Question

Convert Normalized RNA-Seq counts to TPM after Batch Correction

0

Entering edit mode

rrcutler ▴ 70

@rrcutler-10667

Last seen 5.1 years ago

Hello all,

I have performed batch correction using SVA using normalized counts generated from DESeq2. I then used a function in Limma in order to adjust log normalized counts in so that I can output these batch corrected counts to do analysis that does not involve differential expression. Now I have batch corrected counts that are normalized among my samples. However, I am interested in comparing counts between genes and thus need to convert this to TPM.

Code:

# getting normalized counts
dat  <- counts(dds, normalized = TRUE)

# filtering out normalized counts less than 1

idx  <- rowMeans(dat) > 1
dat  <- dat[idx, ]

# since we only have an adjustment variable, batch, we use this as our variable of interest
mod  <- model.matrix(~ batch, sTable)
# setting the null model to the intercept
mod0 <- model.matrix(~ 1, sTable)
# running sva
svseq <- svaseq(dat, mod, mod0)

# get the sva covariates
sva_covar <- svseq$sv

# Adjust normalized counts
counts_deseq_sva <- removeBatchEffect(log(counts(dds, normalized = TRUE)+1), covariates = sva_covar)

I have 3 questions:

Does it make sense to be using removeBatchEffects() as I have? I happen to know the batch covariates, so it may be easier to use the "batch" parameter in the removeBatchEffects()... however, that does not fix my problem of outputting normalized counts.
Since DESeq2 has already normalized for read depth between samples, if I just divide each read count by it's respective gene length, would this be a similar measure to RPKM?
Is there a better way of getting batch corrected TPM counts?

Many thanks,

-R

sva deseq2 limma • 7.3k views

ADD COMMENT • link updated 2.6 years ago by eve.olszanowski • 0 • written 7.0 years ago by rrcutler ▴ 70

score 3 · Accepted Answer · 2018-04-09

3

Entering edit mode

Michael Love 43k

@mikelove

Last seen 5 days ago

United States

To answer #3, if you want batch corrected TPM, I think I would just stay on the abundance scale the whole time (estimating mean shifts and removing them on the log2 scale, and working with log2 TPM for plotting or whatever else you need). Note that I would not force the abundances to sum to 1 million at the end, because this is not a great normalization for practical purposes (see e.g.

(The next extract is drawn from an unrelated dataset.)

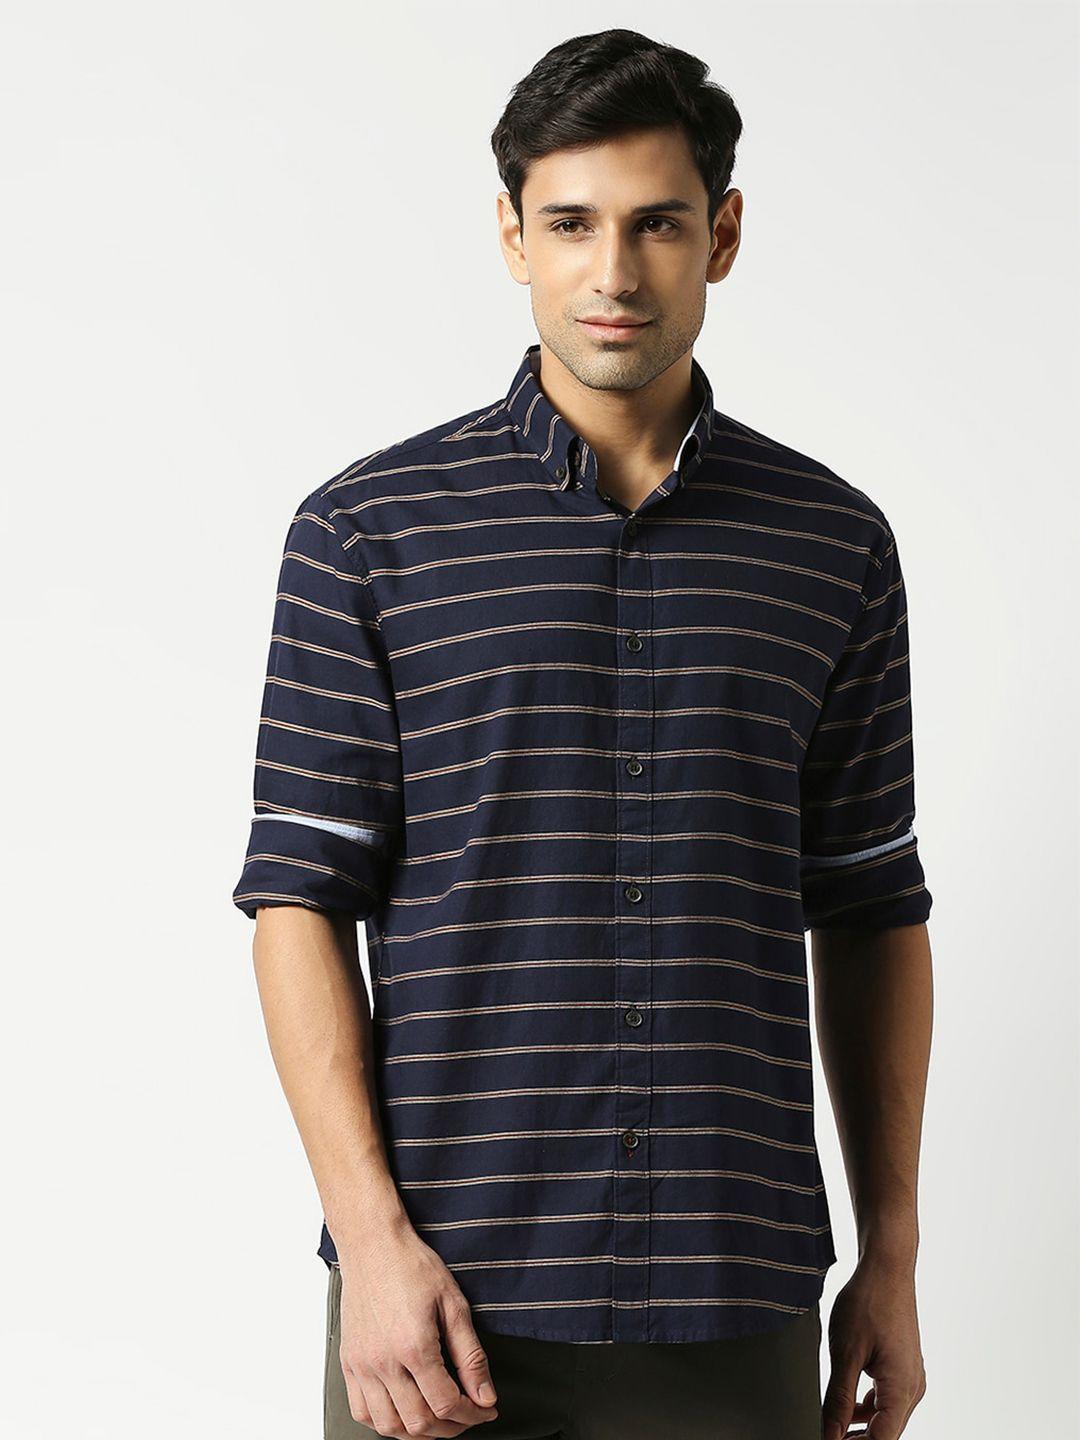 dragon hill horizontal striped slim fit oxford cotton casual shirt

Bullard 2010, or Robinson 2010, or others).

As far I use and am familiar with SVA, you shouldn't provide the batch to `mod`. The whole point is to get SVA to estimate numerical variables that capture the shifts seen across batches, so either you have the batches and you just remove mean shifts associated with that categorical variable, or you provide SVA with a biological variable and it finds low rank structure that is orthogonal to the biological variable.

ADD COMMENT • link 7.0 years ago Michael Love 43k

0

Entering edit mode

Hi Michael,

Thanks for you reply, I'll try your first suggestion. Could you expand on why TPM is not a great normalization?

I am providing the batch to `mod` as I just have a single group of the same condition where I wish to remove the batch in between them. Is there a better way of using SVA for this purpose?

Thanks,

-R

ADD REPLY • link 7.0 years ago rrcutler ▴ 70

0

Entering edit mode

I’ve provided links to literate covering why, for comparing across samples, it’s suboptimal to require each sample to have the same sum.

I’ll leave recommended SVA usage with respect to known batches to the package authors.

ADD REPLY • link 7.0 years ago Michael Love 43k

0

Entering edit mode

Hi Michael,

I think you forgot the links you were mentioning.

-R

ADD REPLY • link 7.0 years ago rrcutler ▴ 70

1

Entering edit mode

Oh I meant “links” like pointers, google the citations “Bullard 2010” and “Robinson 2010”

ADD REPLY • link 7.0 years ago Michael Love 43k

0

Entering edit mode

Hi Michael. If I already have the data in TPMs, is it correct to apply limma::removeBatchEffect on this table? I want to plot in a same scale several genes related to a GO pathway, so that is why I am aiming to use TPMs. But I am not sure if this is the correct approach.

Thanks in advance!

ADD REPLY • link 2.6 years ago eve.olszanowski • 0

0

Entering edit mode

Sure, but I would remove batch effects on log2 scale. You can convert back to TPM after.